I have a gracious message and a gladsome salvation, but that will not help people if they do not come to church or do not listen to me when they do come. "The crow doth sing as sweetly as the lark when neither is attended."
Three: I must be instructive
For me to appear before my congregation with nothing more than pious platitudes would be a disgrace and shame, and if I do it I ought to be ashamed even if my people do not remark about it. I will pack my sermons full of interesting, helpful and instructive material from all the fields of literature, science and art that I may be master of or familiar with, but especially will I fill my sermons with the Word of God, for that is able to make men wise unto salvation through faith in the Lord Jesus. Any man who has a volume as rich and racy, as varied and vigorous and victorious as the Bible must be a poor kind of fellow who cannot say things that will make people sit up and take notice.
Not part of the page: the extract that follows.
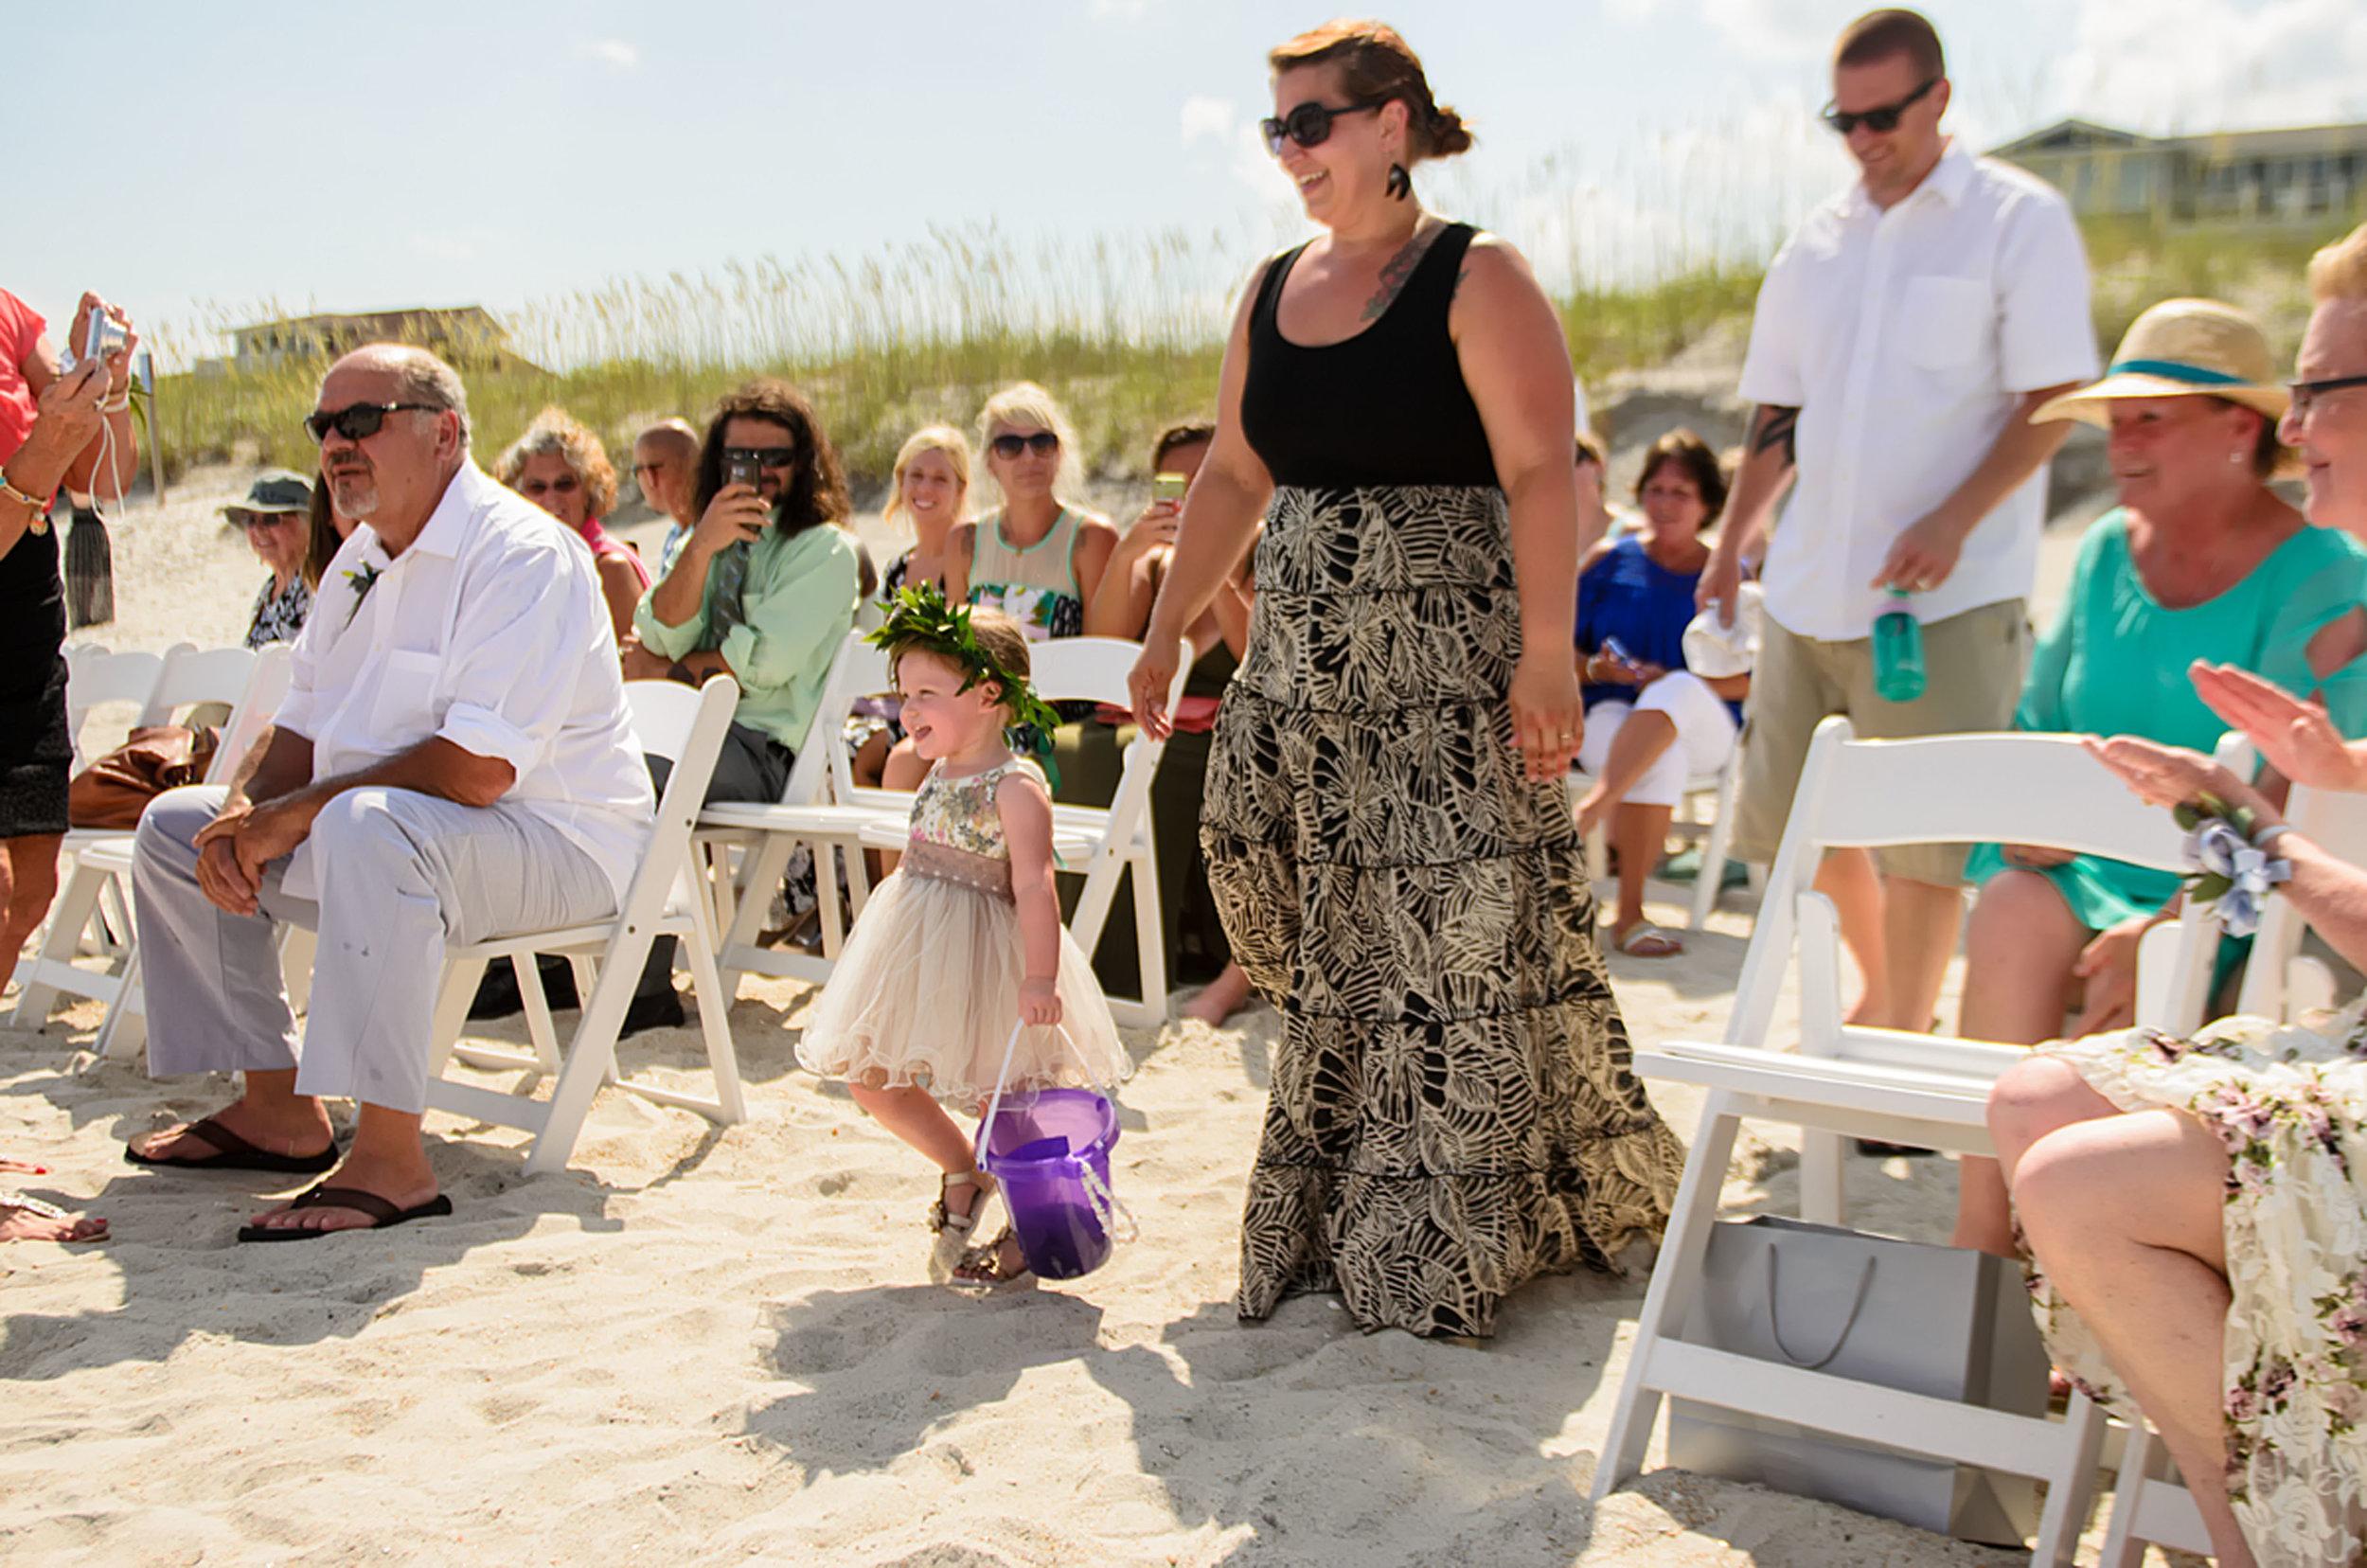 North_Carolina_Wedding_Photographer_Tiffany_Abruzzo_Ceremony_14.8.jpg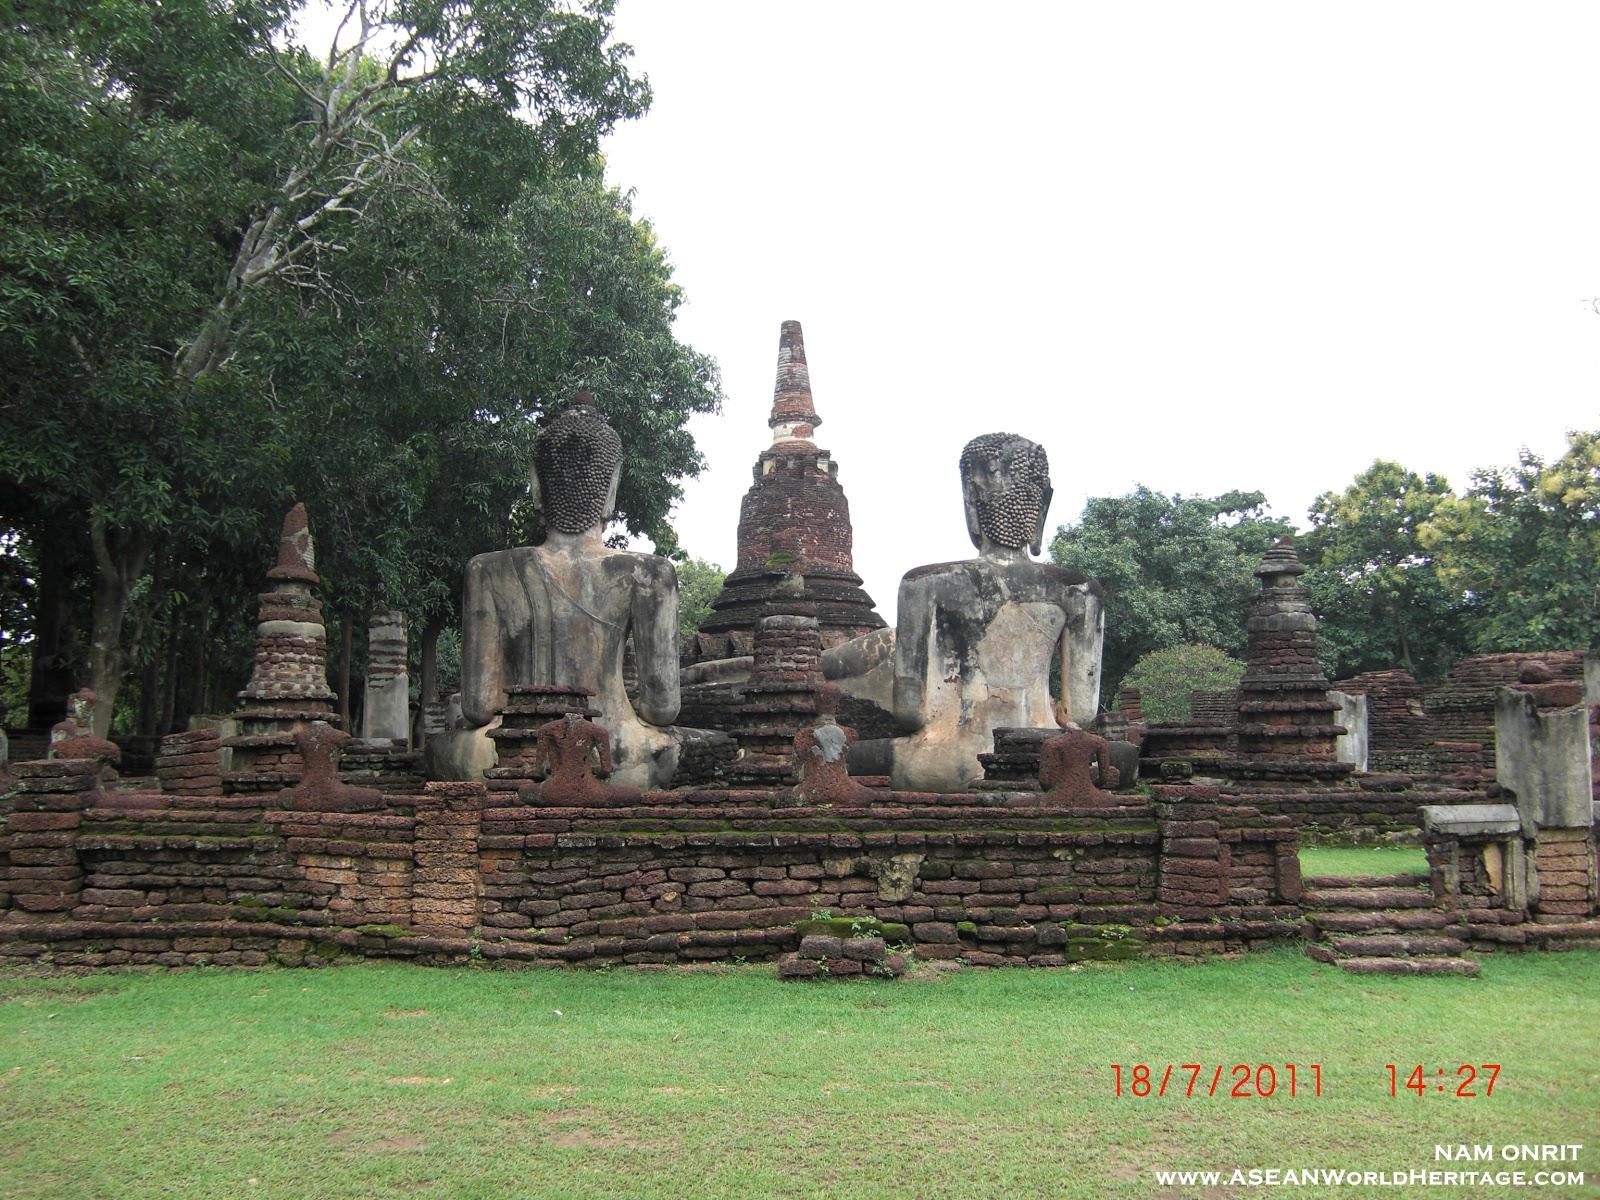 Town: Kamphaeng Phet Historical Park - ASEAN World Heritage

Earnest seekers of the best,
Returning weary from the quest,
To find that all the sages said
Is in the Book their mothers' read.
Four: I must be inspiring
It is not enough to be impartial and interesting and instructive. I must be inspiring. I must not only point to heaven, but lead the way, and for Jesus' sake I must not be weary or discouraged until he shall set judgment in the earth and the isles shall wait for his law. I must get people to go along to Canaan. I must so preach and love and labor that many from all classes will be glad to travel my way.
I must do all these things and more, for "I am a minister according to the dispensation of God, which is given unto me for you to fulfill the Word of God; even the mystery which hath been hidden for ages, but is now made manifest to his saints, which is Christ in you the hope of glory whom we preach, warning every man and teaching every man in all wisdom that we may present every man perfect in Christ."
O Lord, help me to remember and practise all these "I's," and then my ministry will be 'a blessing, and I shall say, "Not I, but Christ." "Not I, but Christ that dwelleth in me."